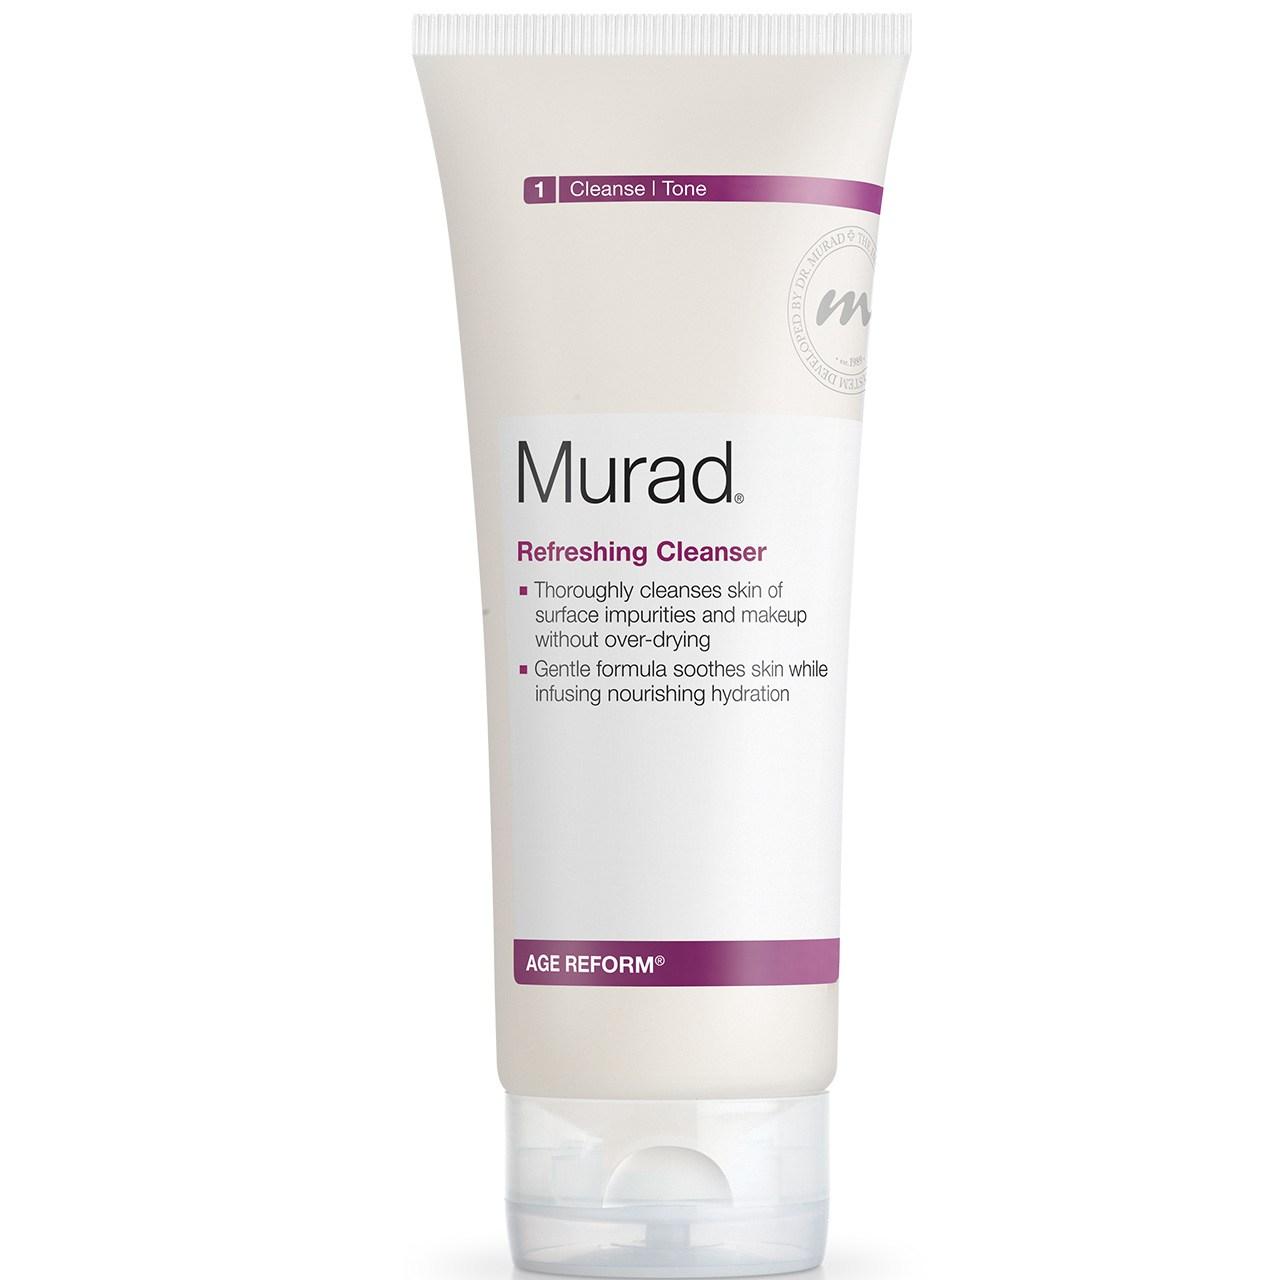 پاک کننده پوست مورد سری Age Reform مدل Refreshing حجم 200 میلی لیتر
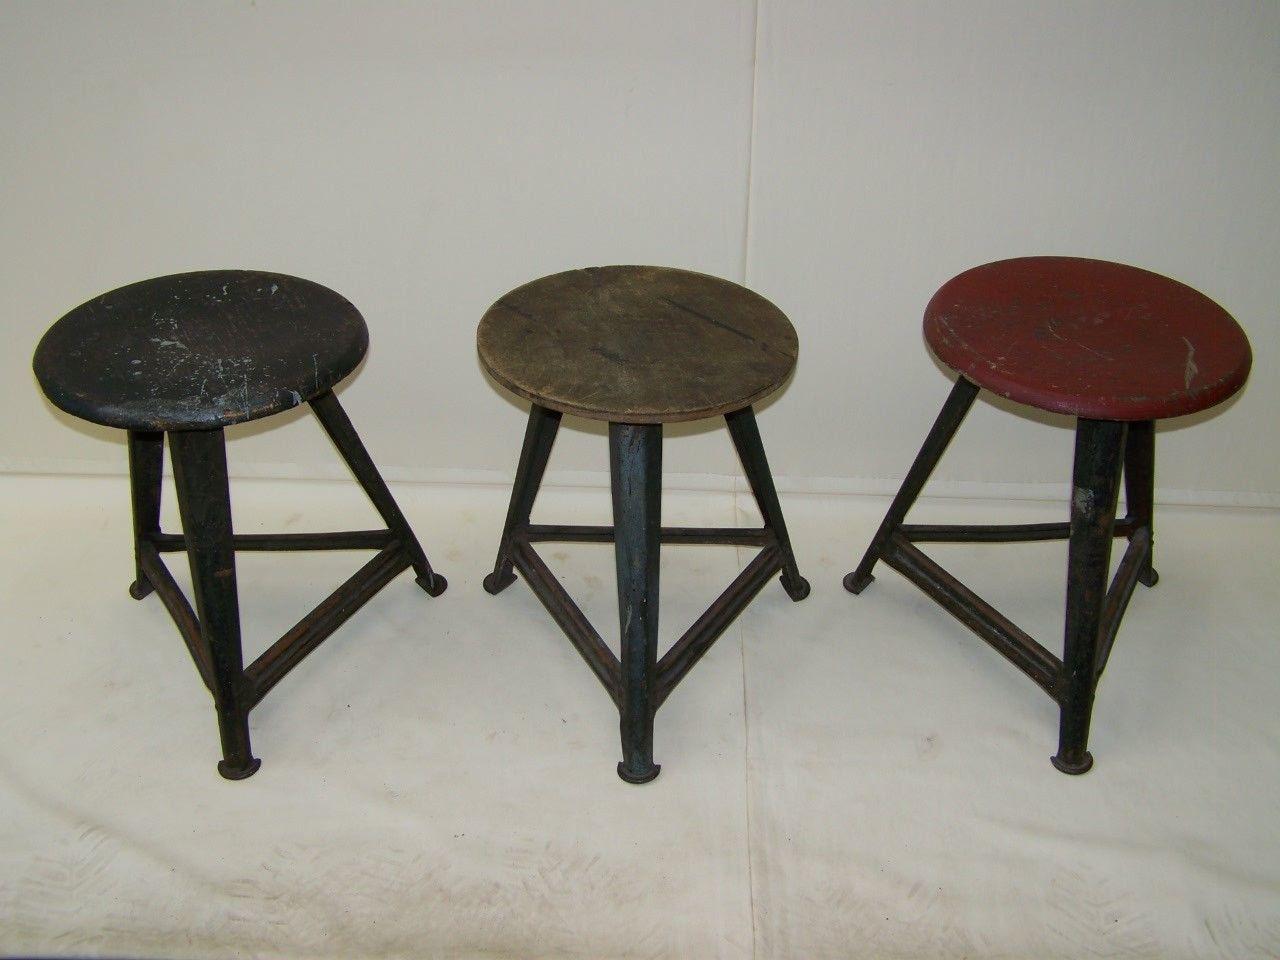 Originale rowac sgabello art deco sgabello da laboratorio vintage
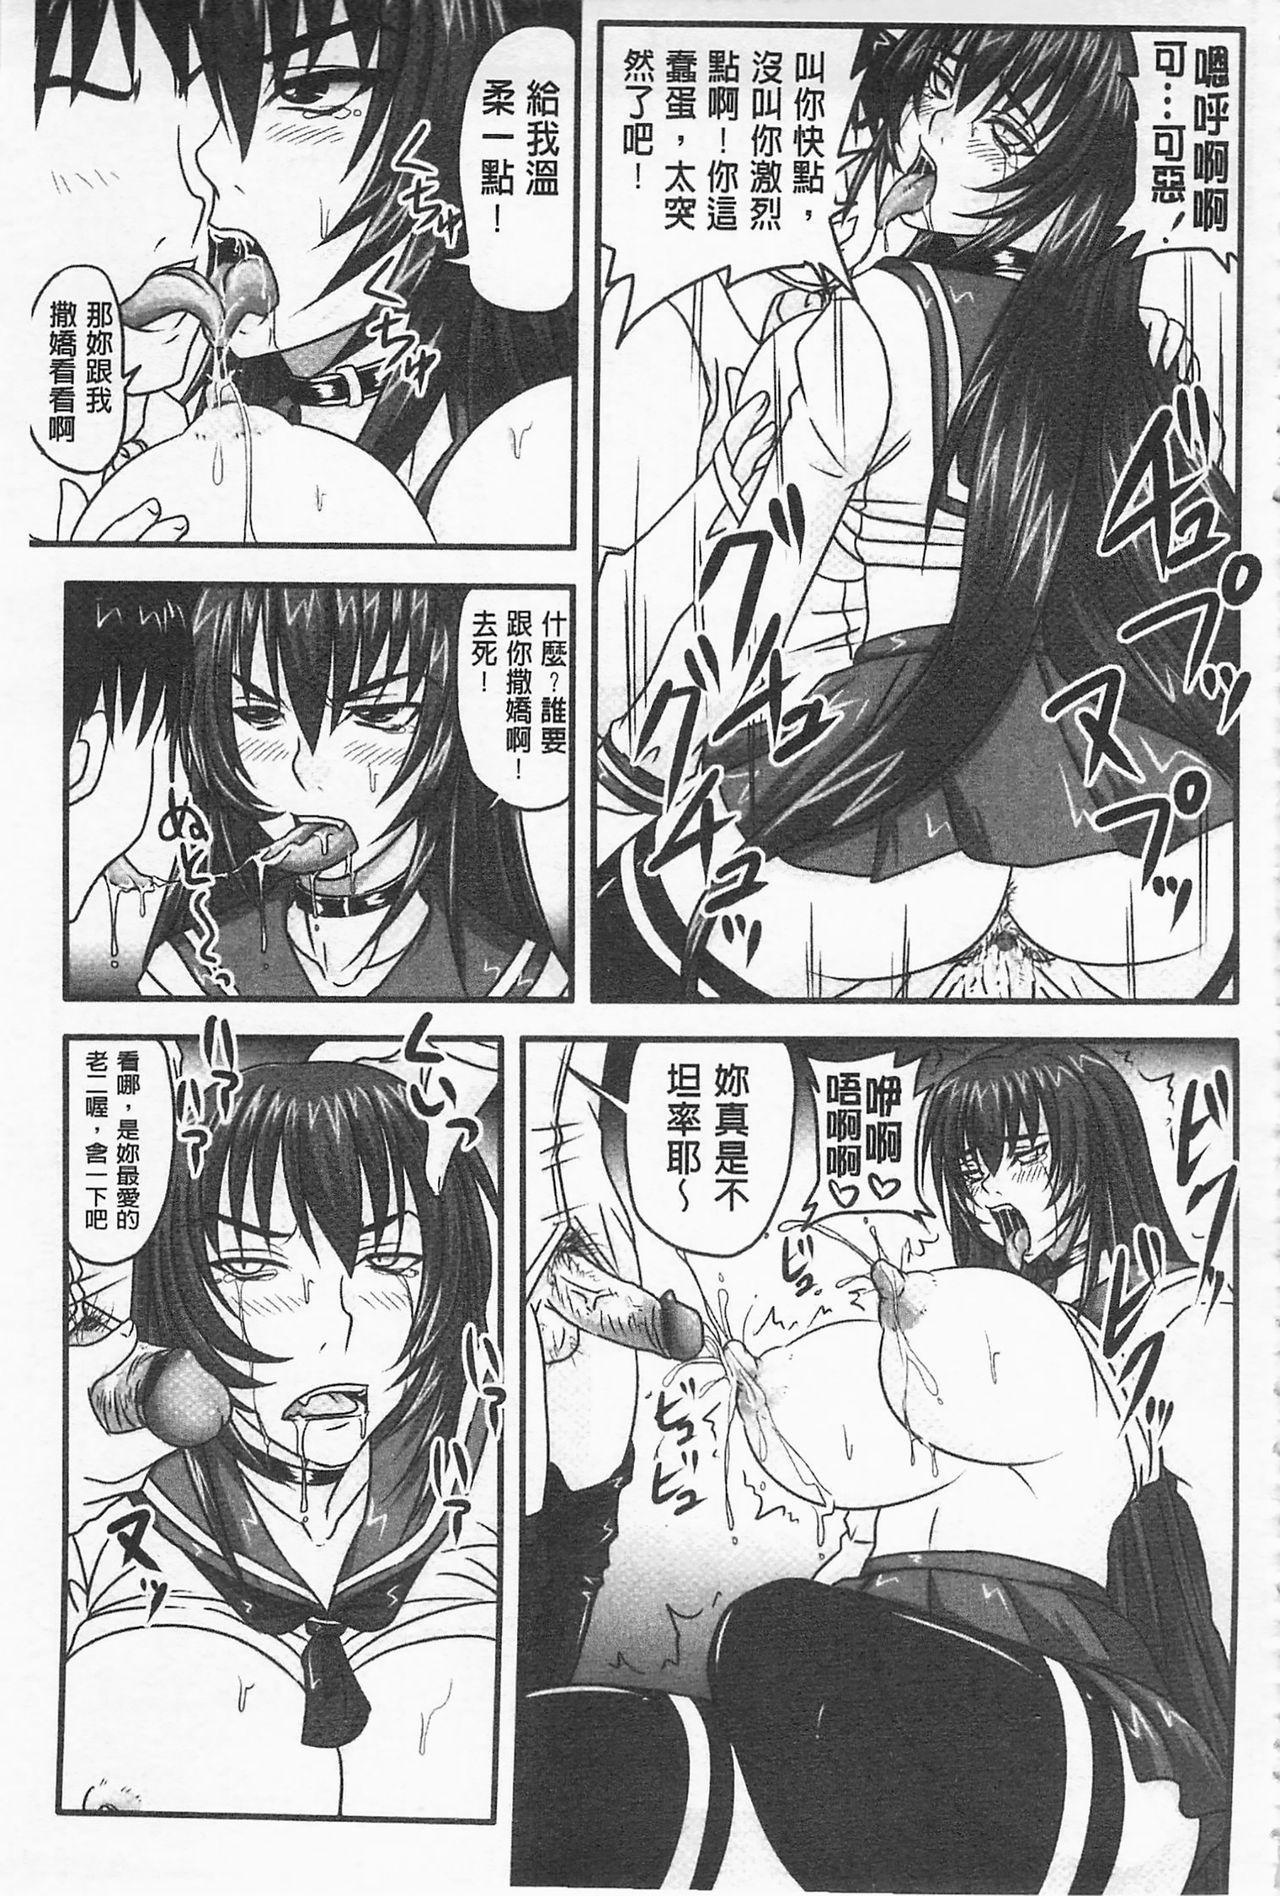 [Nozarashi Satoru] Do S na Hime wa Kegasareru -Inga no Shou- | 超S的公主被玷汙了 ~因果之章~ [Chinese] 107
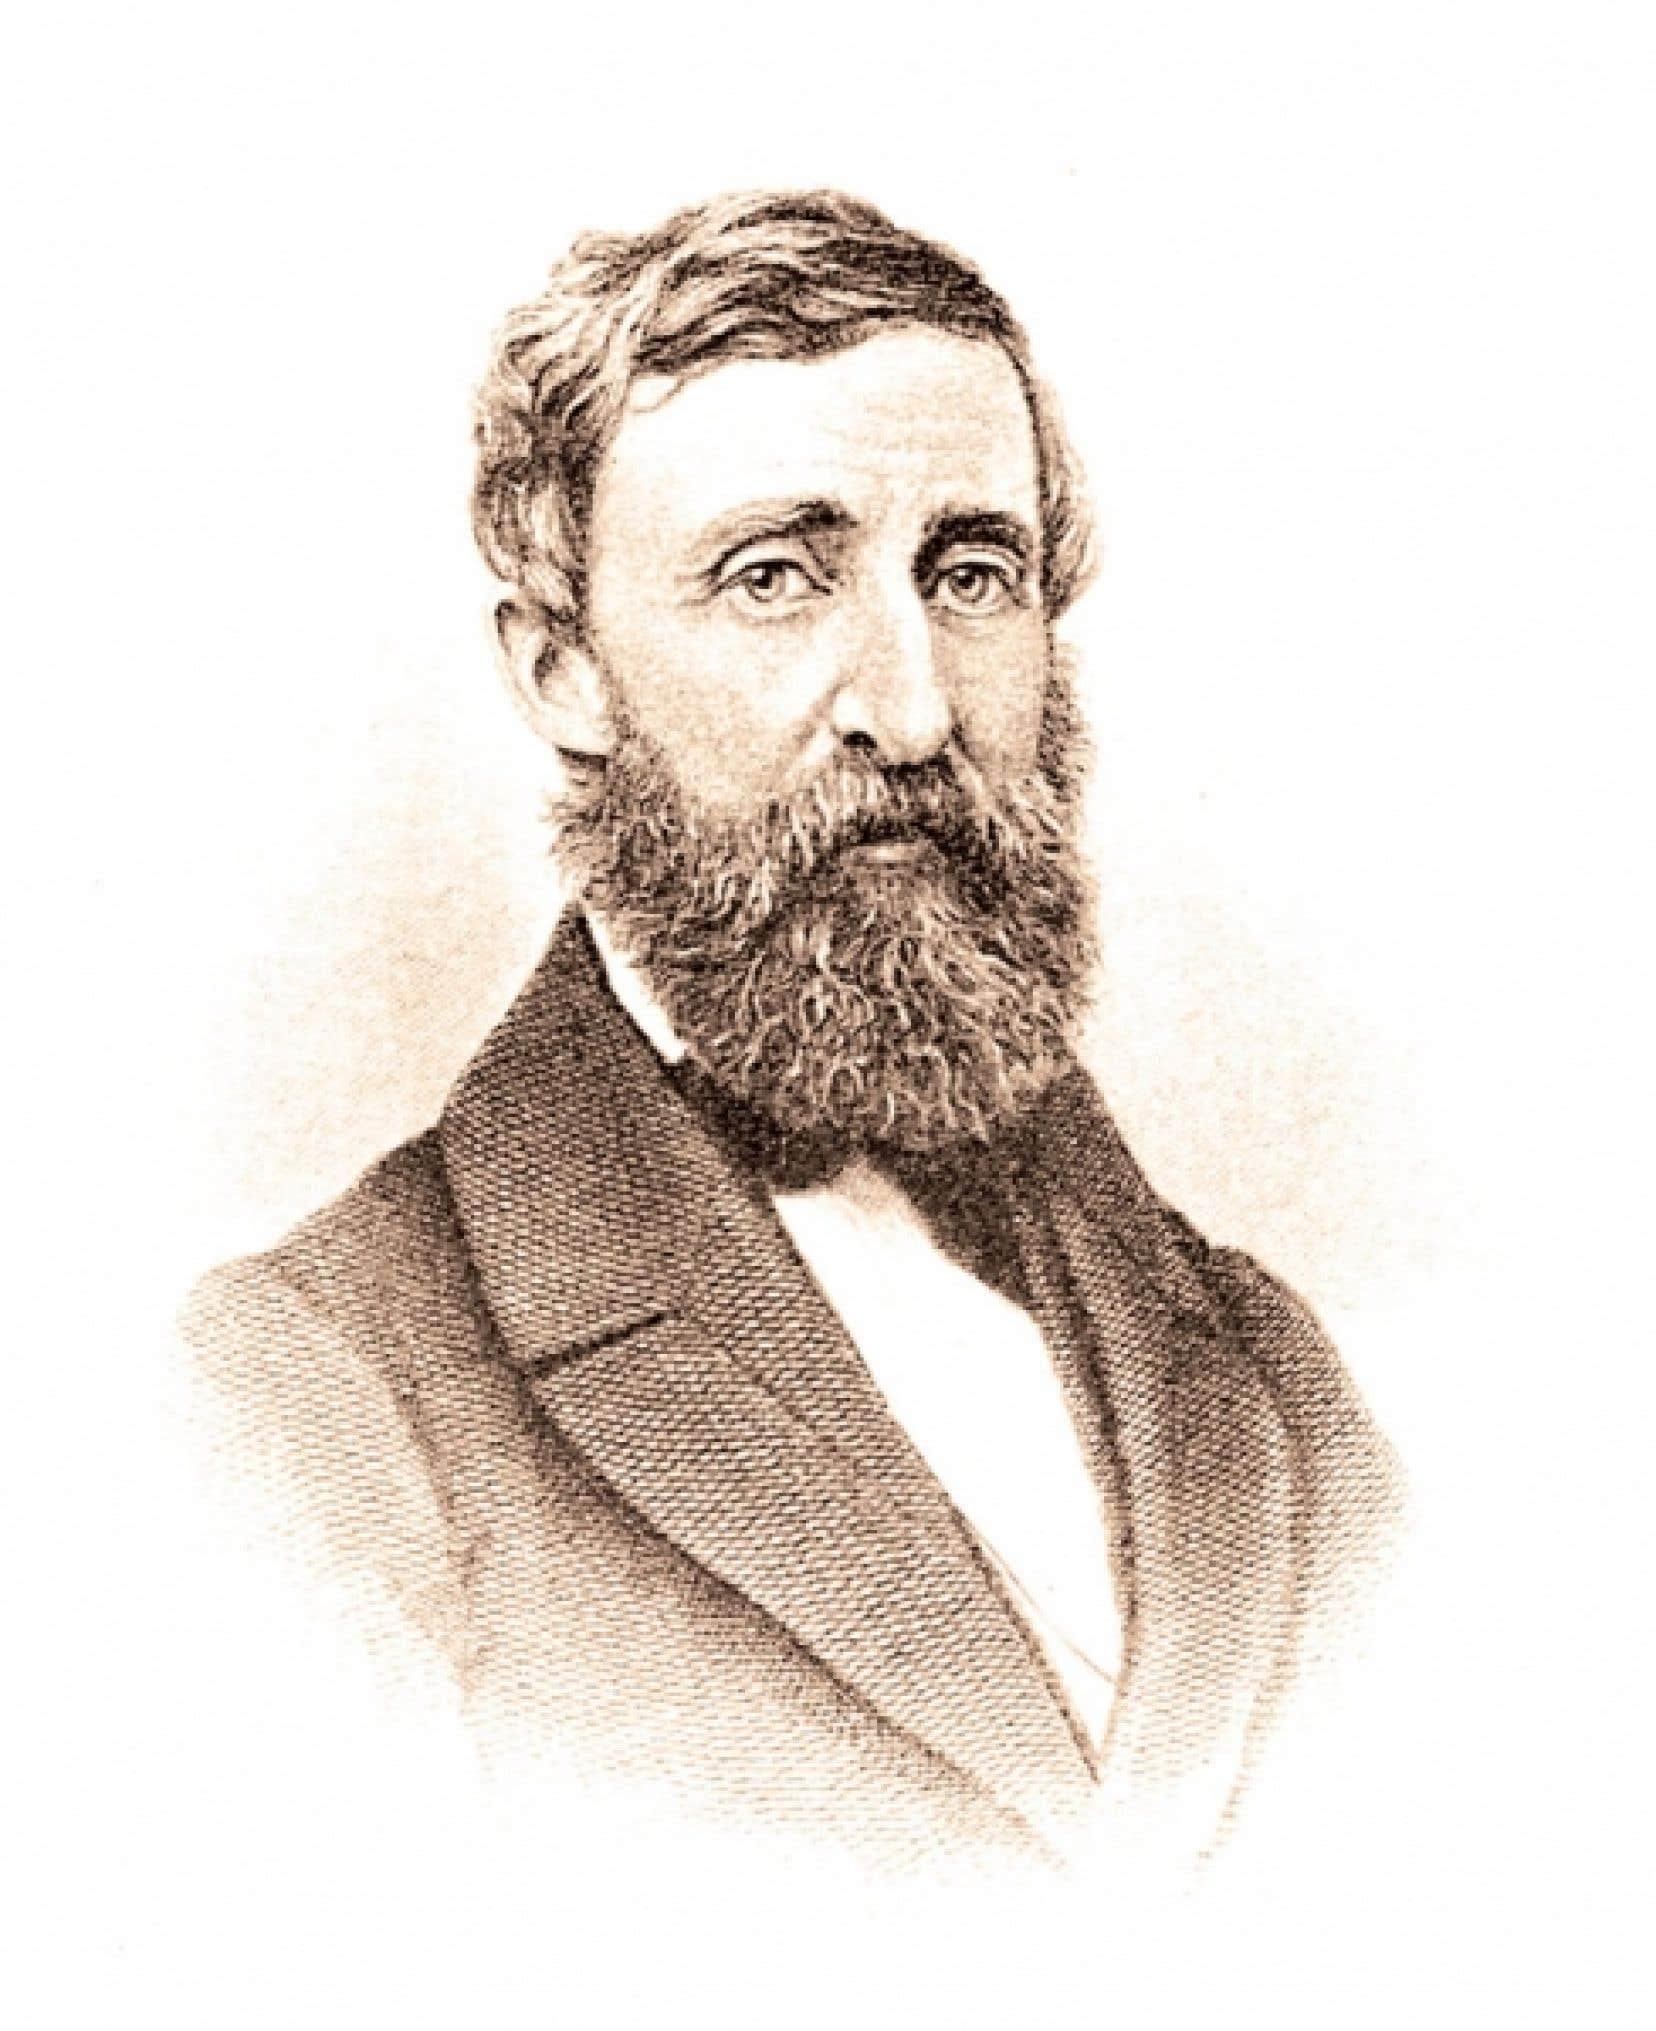 <div> Le philosophe Henry David Thoreau fut emprisonn&eacute;, en 1846, pour refus de payer l&rsquo;imp&ocirc;t &agrave; l&rsquo;&Eacute;tat du Massachusetts, auquel il reprochait de commercer avec les &Eacute;tats esclavagistes du Sud.&nbsp;Dans son Discours de la d&eacute;sob&eacute;issance civile (1849), il &eacute;crit ceci: &laquo;La soumission aux lois iniques peut constituer un crime; la d&eacute;sob&eacute;issance devient alors un devoir envers soi-m&ecirc;me, en m&ecirc;me temps qu&rsquo;un devoir civique [...]&raquo;.</div>

What to work on: Begin at the first line of the data above and repeat each line exactly, stopping after the line containing "[Nozarashi Satoru] Do". Omit the pictures.

Solved exercise:
 پاک کننده پوست مورد سری Age Reform مدل Refreshing حجم 200 میلی لیتر
 Originale rowac sgabello art deco sgabello da laboratorio vintage
 [Nozarashi Satoru] Do S na Hime wa Kegasareru -Inga no Shou- | 超S的公主被玷汙了 ~因果之章~ [Chinese] 107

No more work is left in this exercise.